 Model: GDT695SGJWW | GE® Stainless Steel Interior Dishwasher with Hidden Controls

---

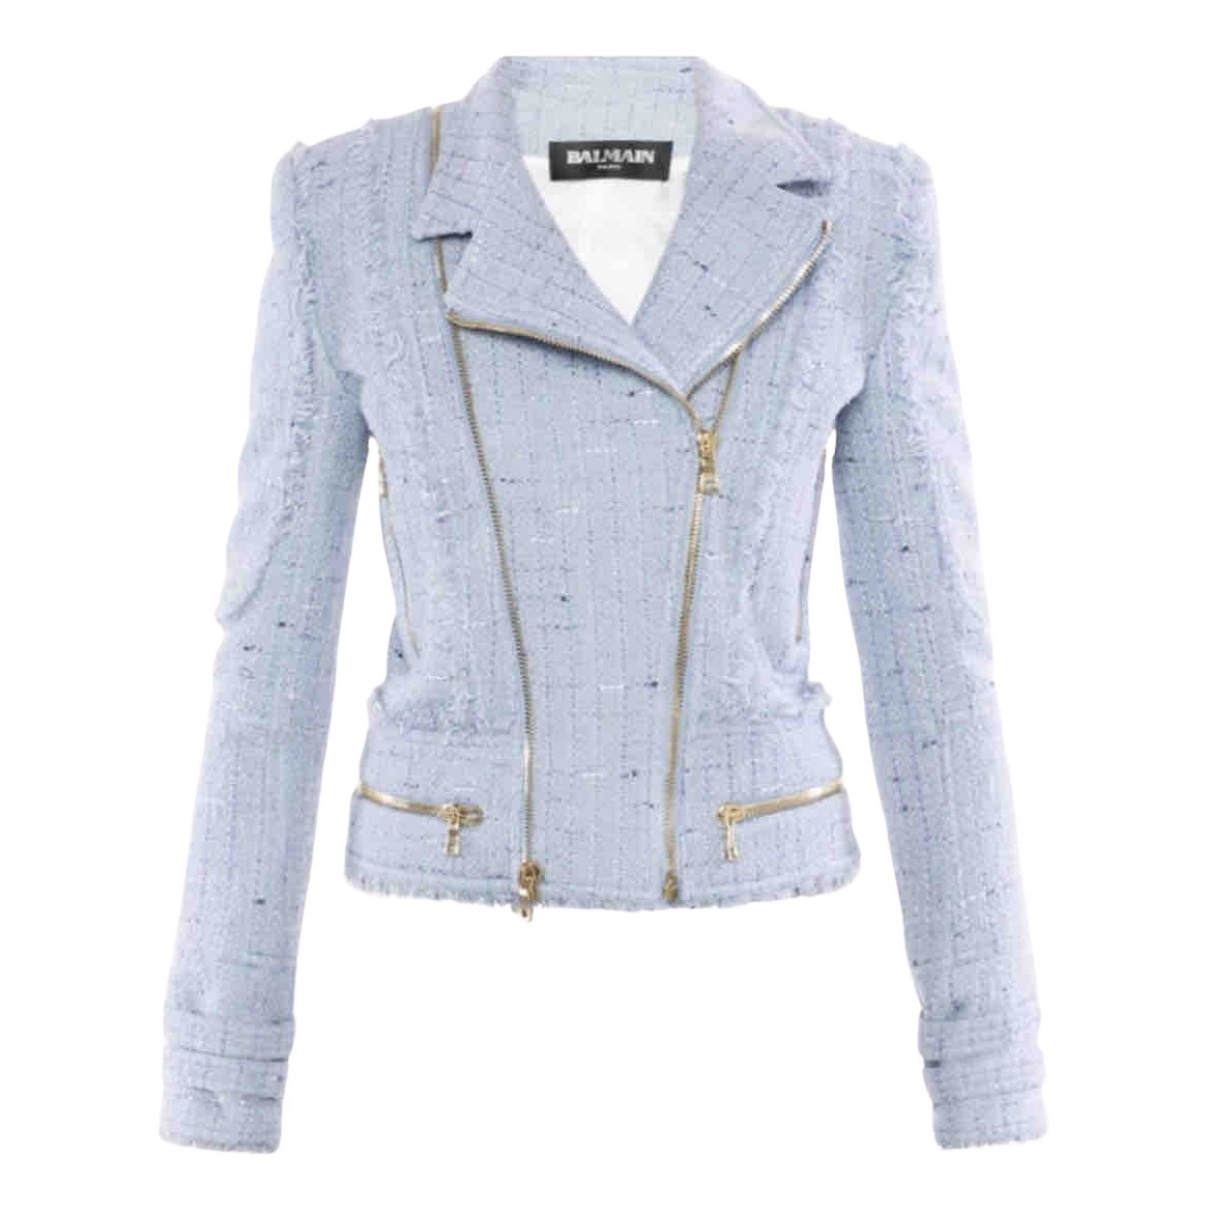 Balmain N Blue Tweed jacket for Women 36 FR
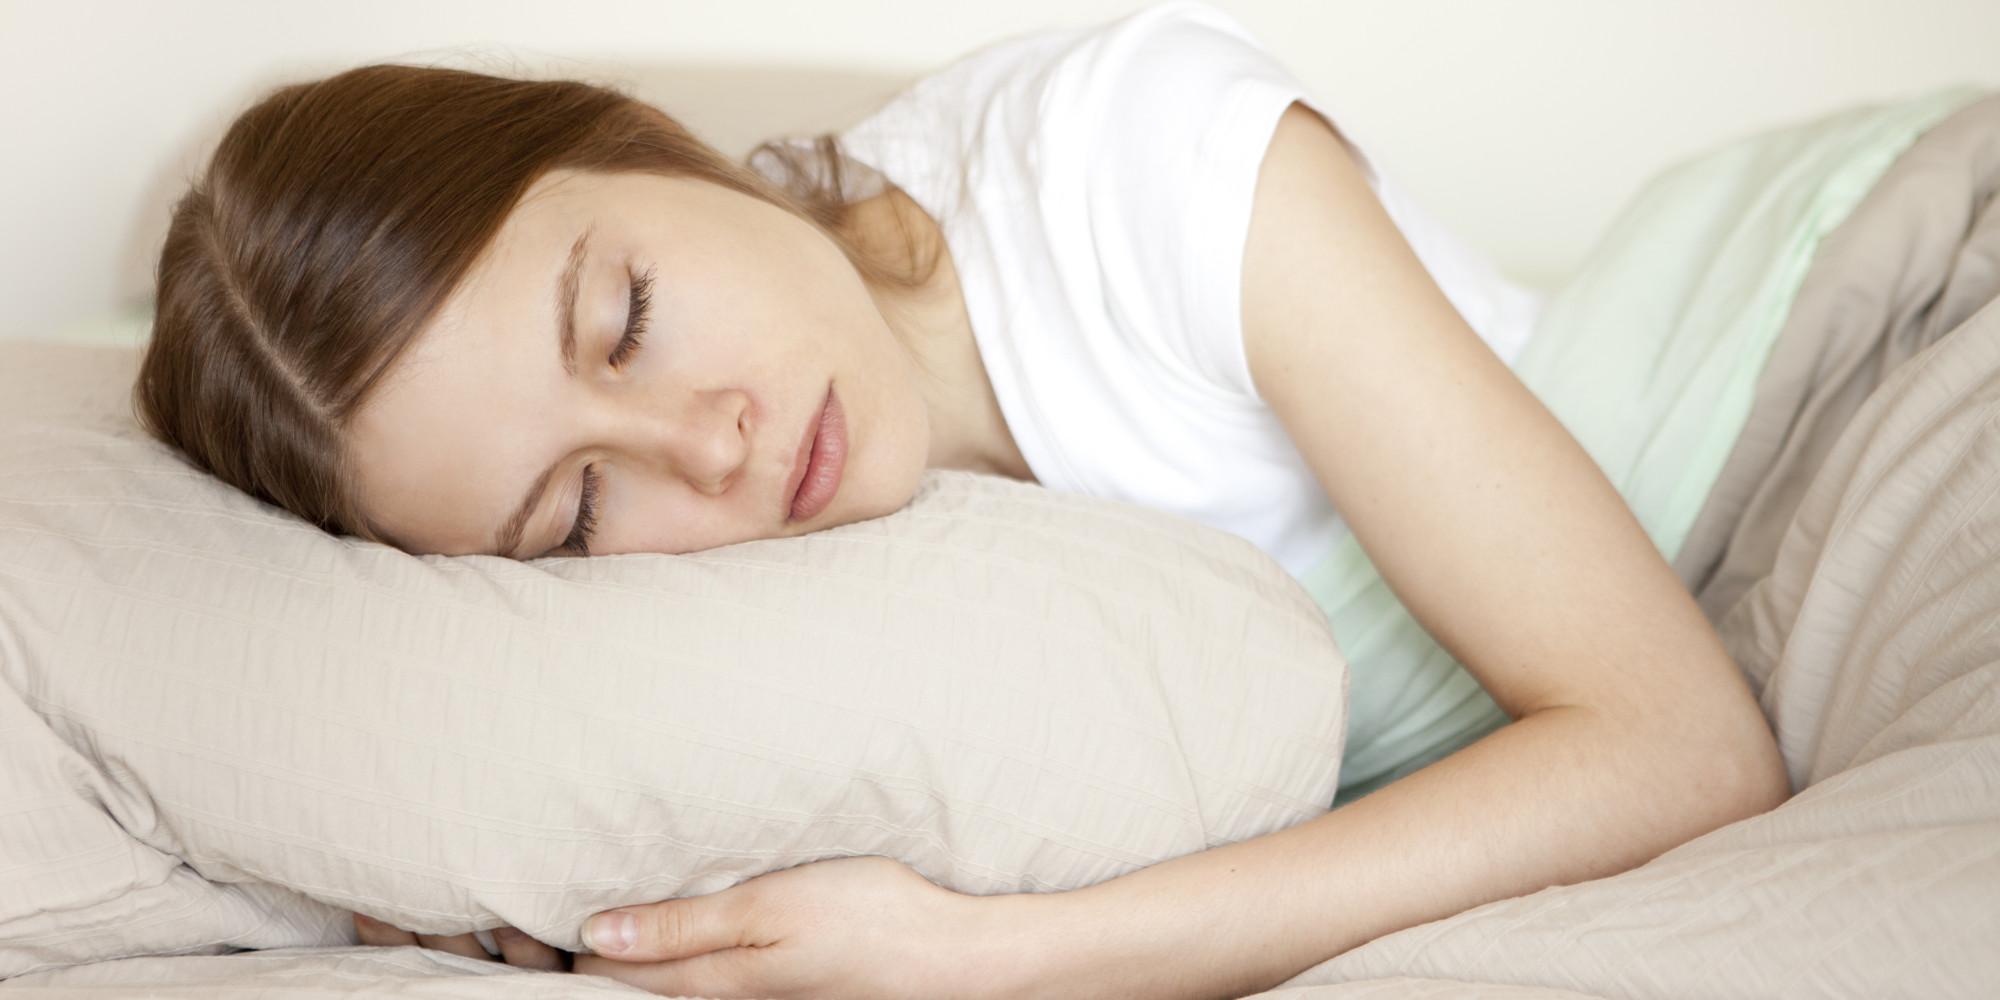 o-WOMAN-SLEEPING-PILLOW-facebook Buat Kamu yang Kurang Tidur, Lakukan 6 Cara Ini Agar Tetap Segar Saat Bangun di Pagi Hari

# Your task
Leaving pictures out, output the lines of the data above from the one with "Balmain N Blue Tweed jacket for Women 36 FR" through the one with "o-WOMAN-SLEEPING-PILLOW-facebook Buat Kamu", word for word.

# Problem solution
 Balmain N Blue Tweed jacket for Women 36 FR
 o-WOMAN-SLEEPING-PILLOW-facebook Buat Kamu yang Kurang Tidur, Lakukan 6 Cara Ini Agar Tetap Segar Saat Bangun di Pagi Hari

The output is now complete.